• [EXERCISE PROMPT] Using the data beneath this instruction, retype only the lines from the one that contains "Netherlands - Ironcutter" down to the one that contains "Image 5 of 5", both included, exactly as they appear.

• [DATA RECORDS]
******
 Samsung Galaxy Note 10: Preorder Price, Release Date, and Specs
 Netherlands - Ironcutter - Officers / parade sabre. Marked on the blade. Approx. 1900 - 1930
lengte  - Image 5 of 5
******
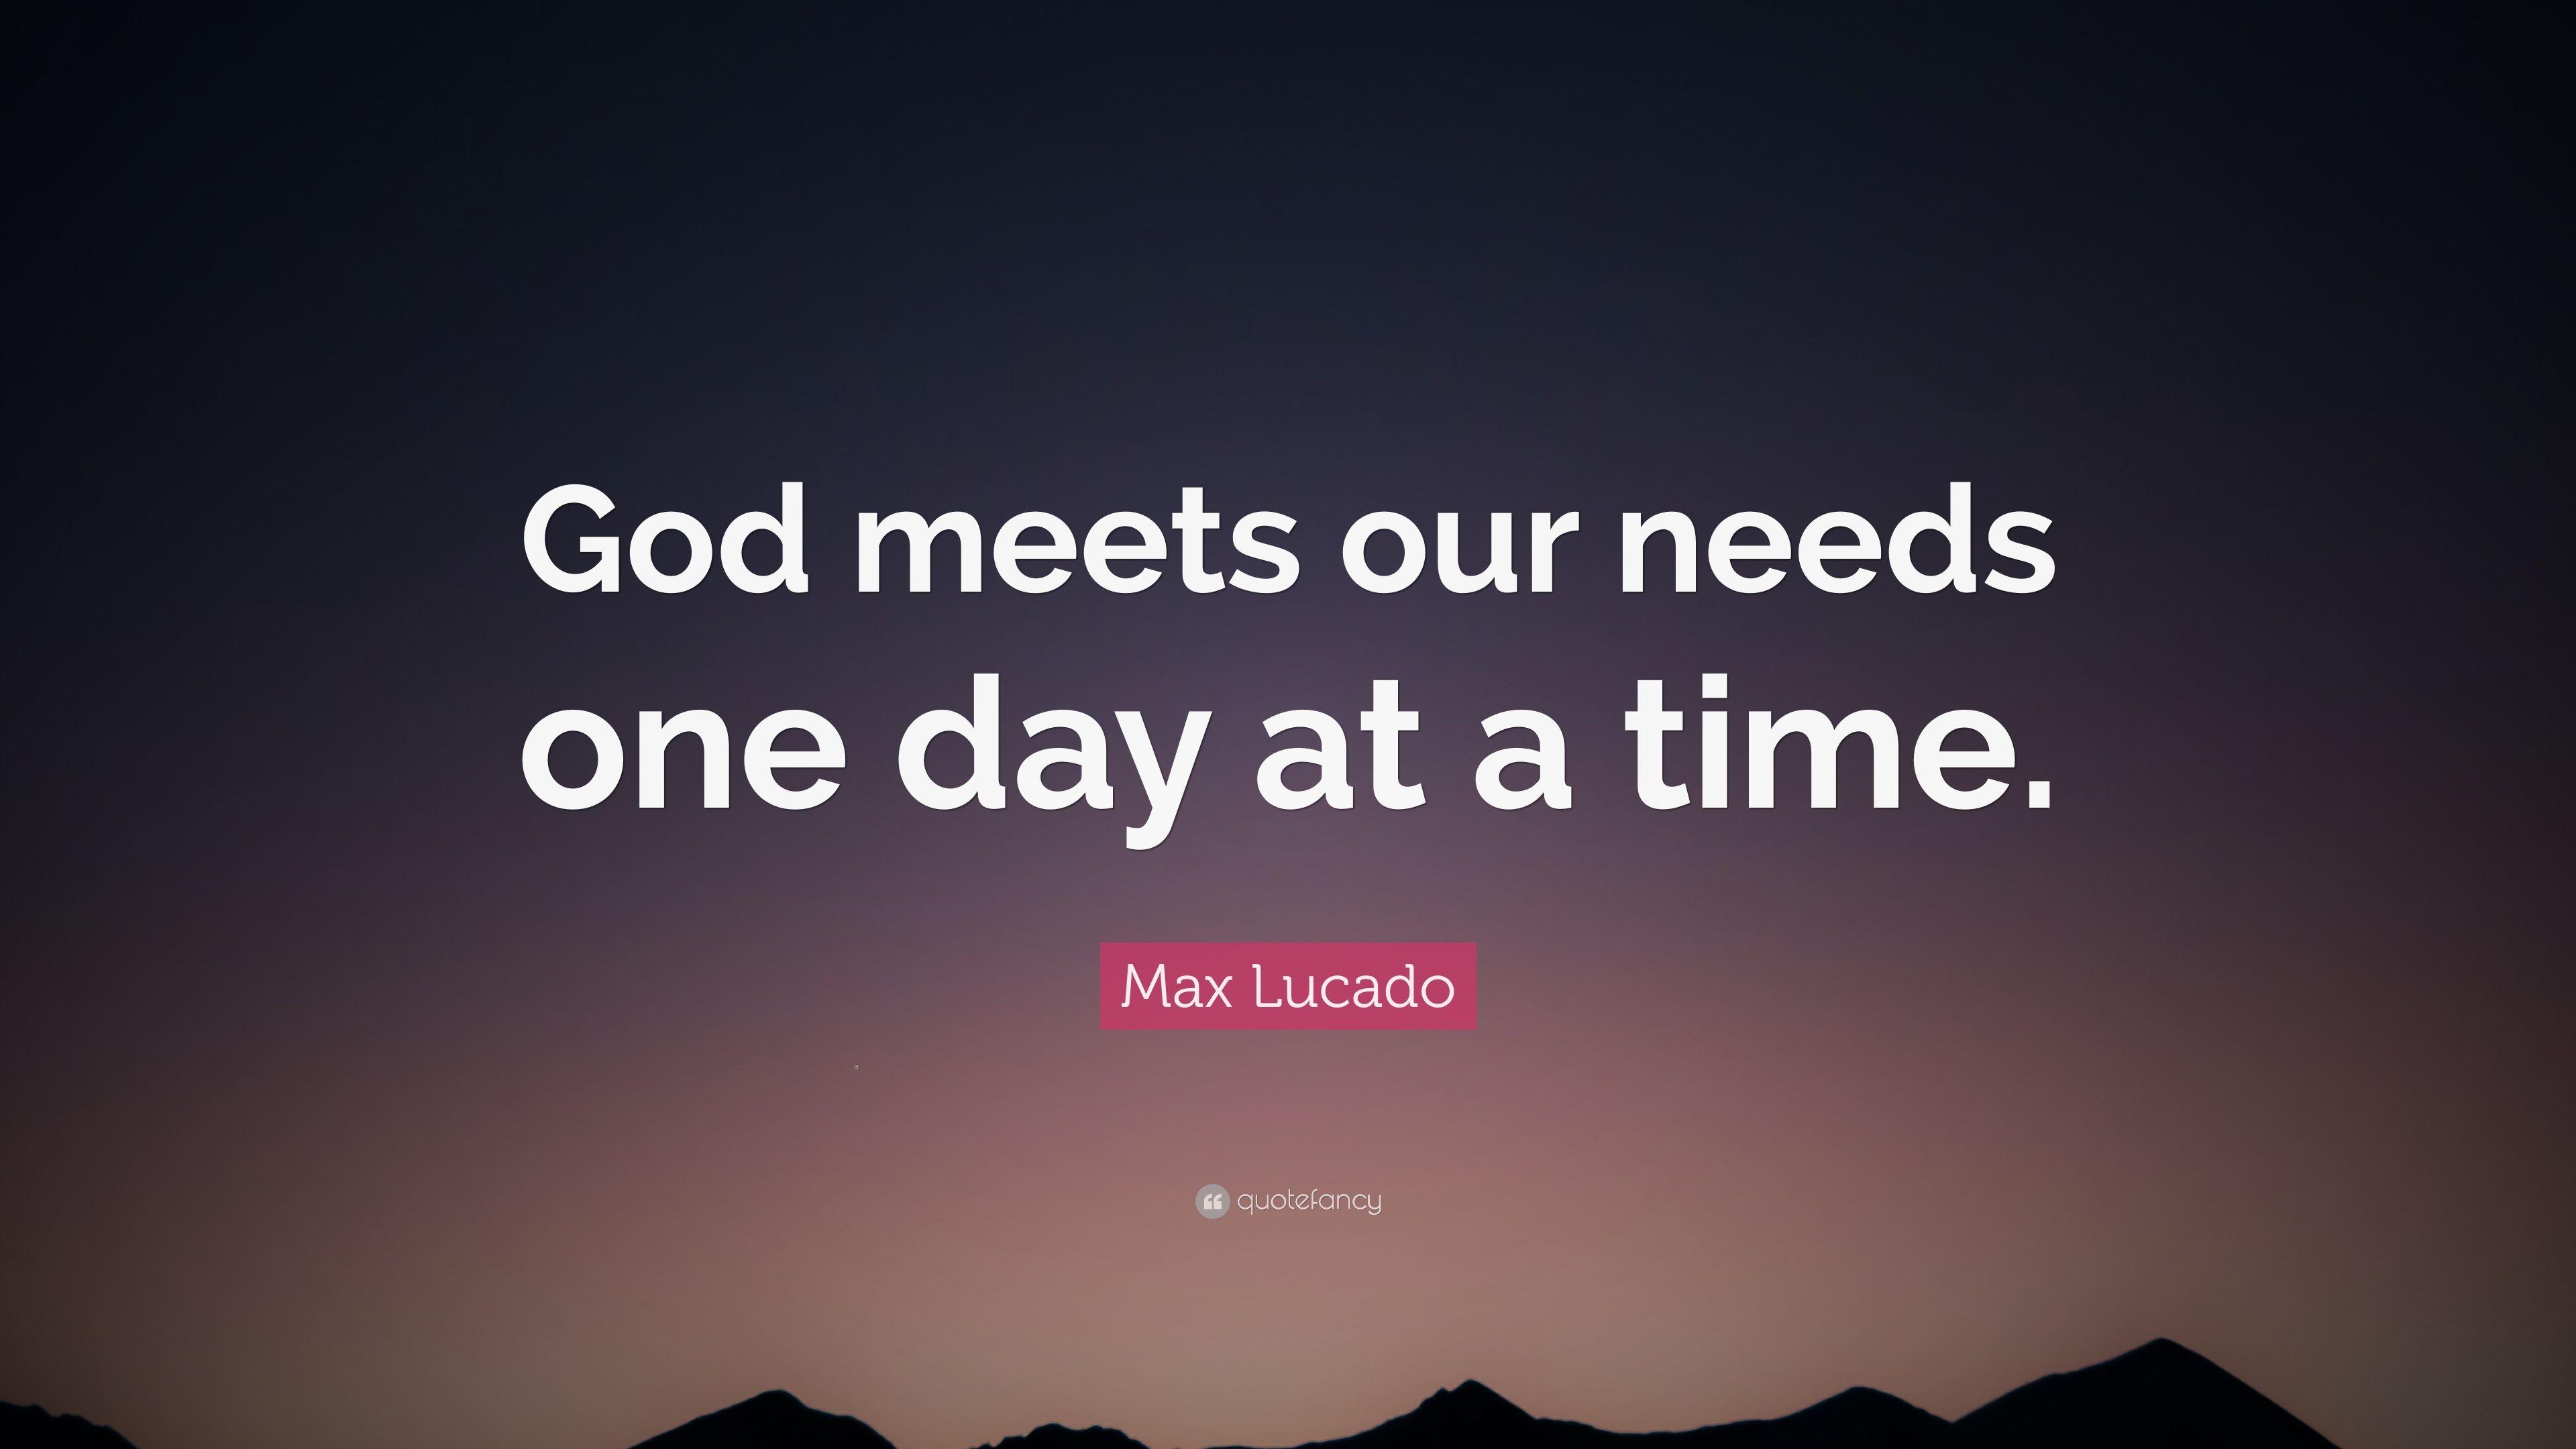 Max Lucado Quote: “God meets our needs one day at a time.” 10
******
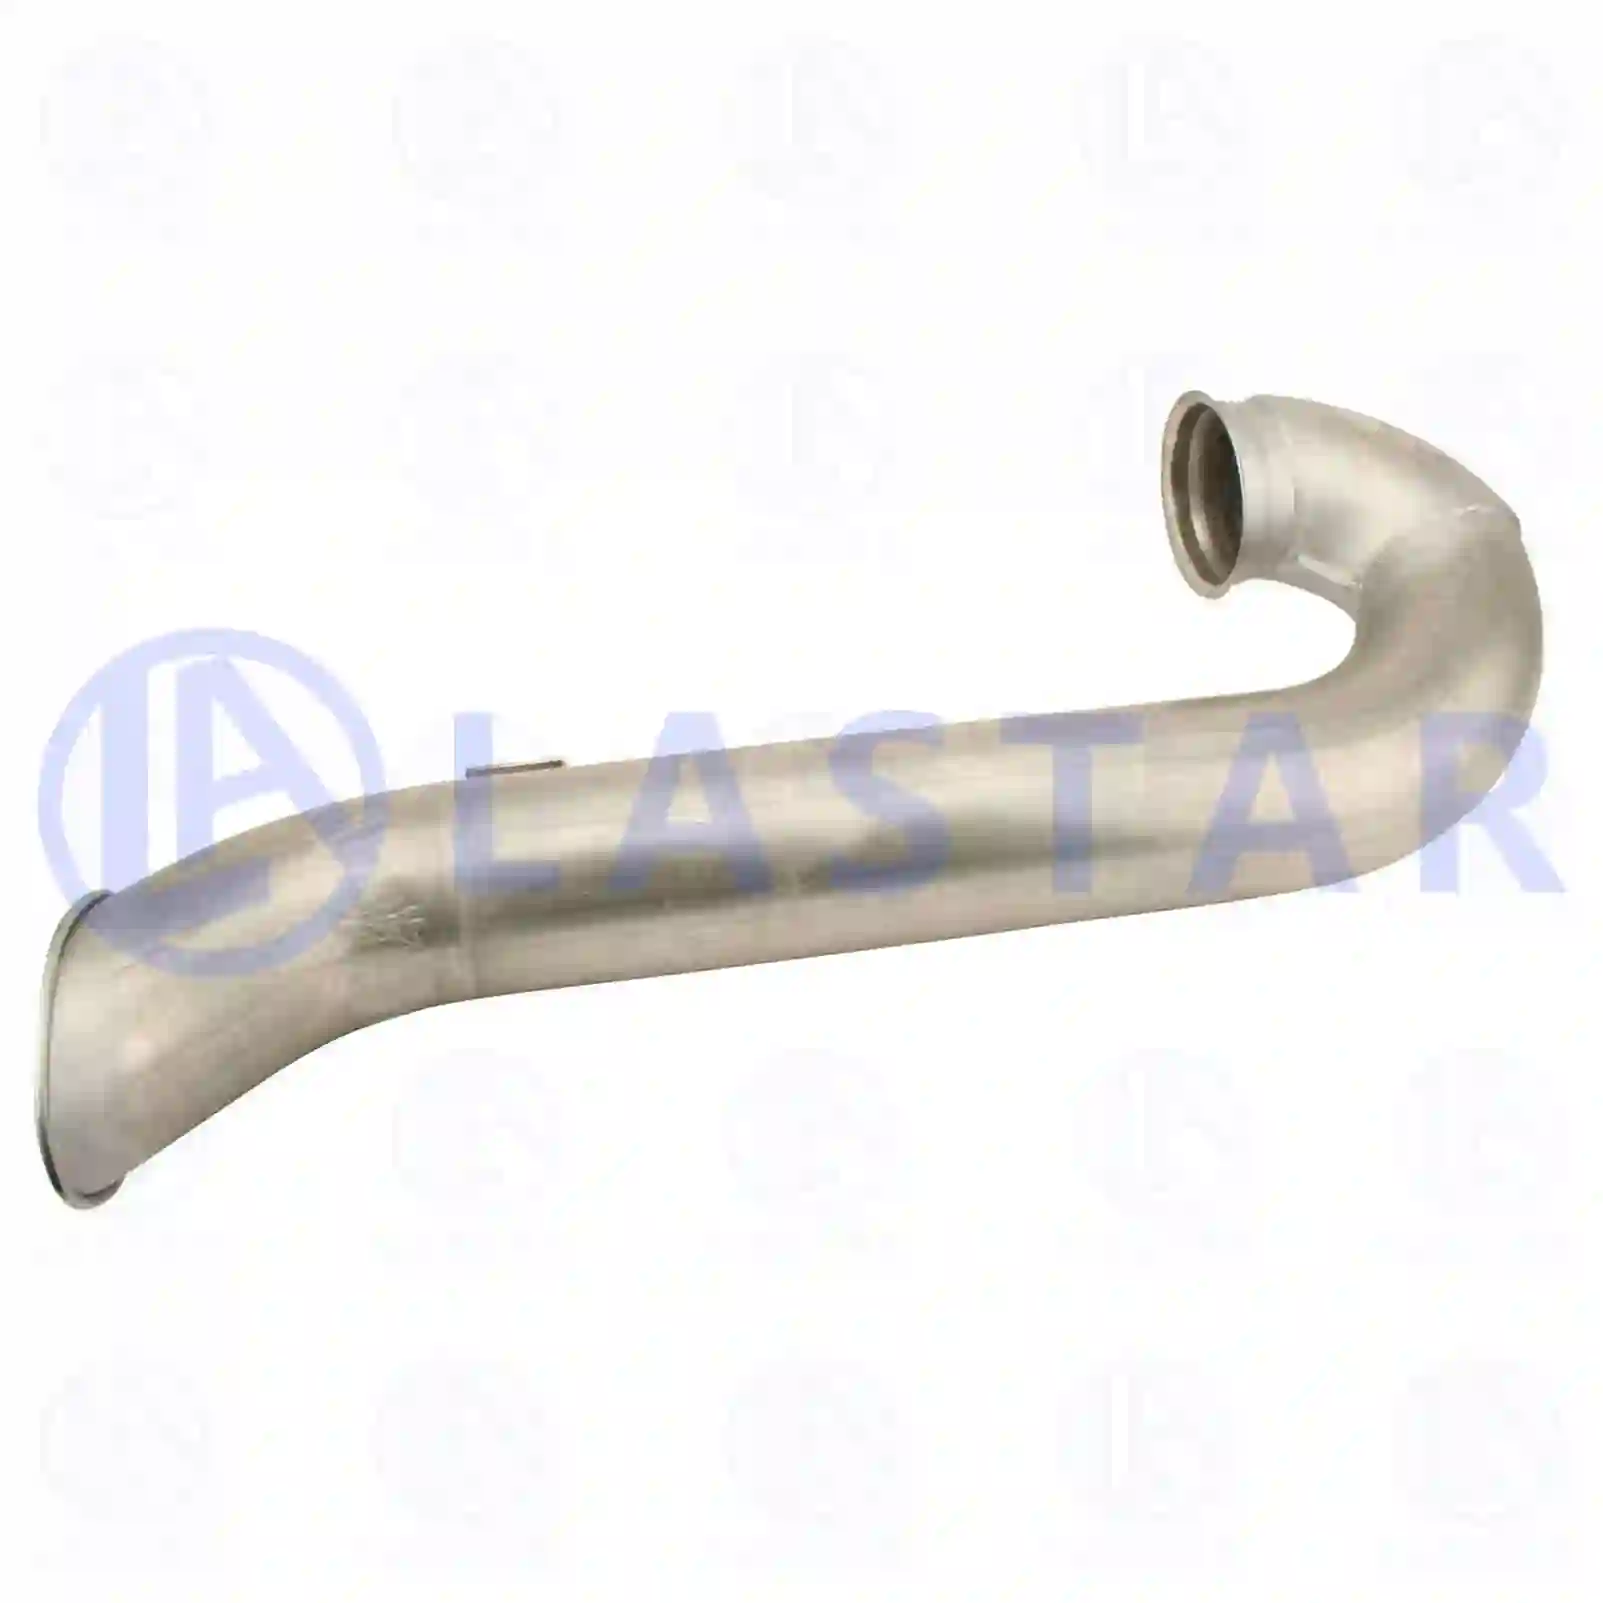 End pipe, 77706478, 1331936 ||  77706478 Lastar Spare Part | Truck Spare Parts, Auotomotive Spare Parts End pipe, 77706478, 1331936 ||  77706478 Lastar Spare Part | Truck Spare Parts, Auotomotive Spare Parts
******
• [YOUR RESPONSE]
 Netherlands - Ironcutter - Officers / parade sabre. Marked on the blade. Approx. 1900 - 1930
lengte  - Image 5 of 5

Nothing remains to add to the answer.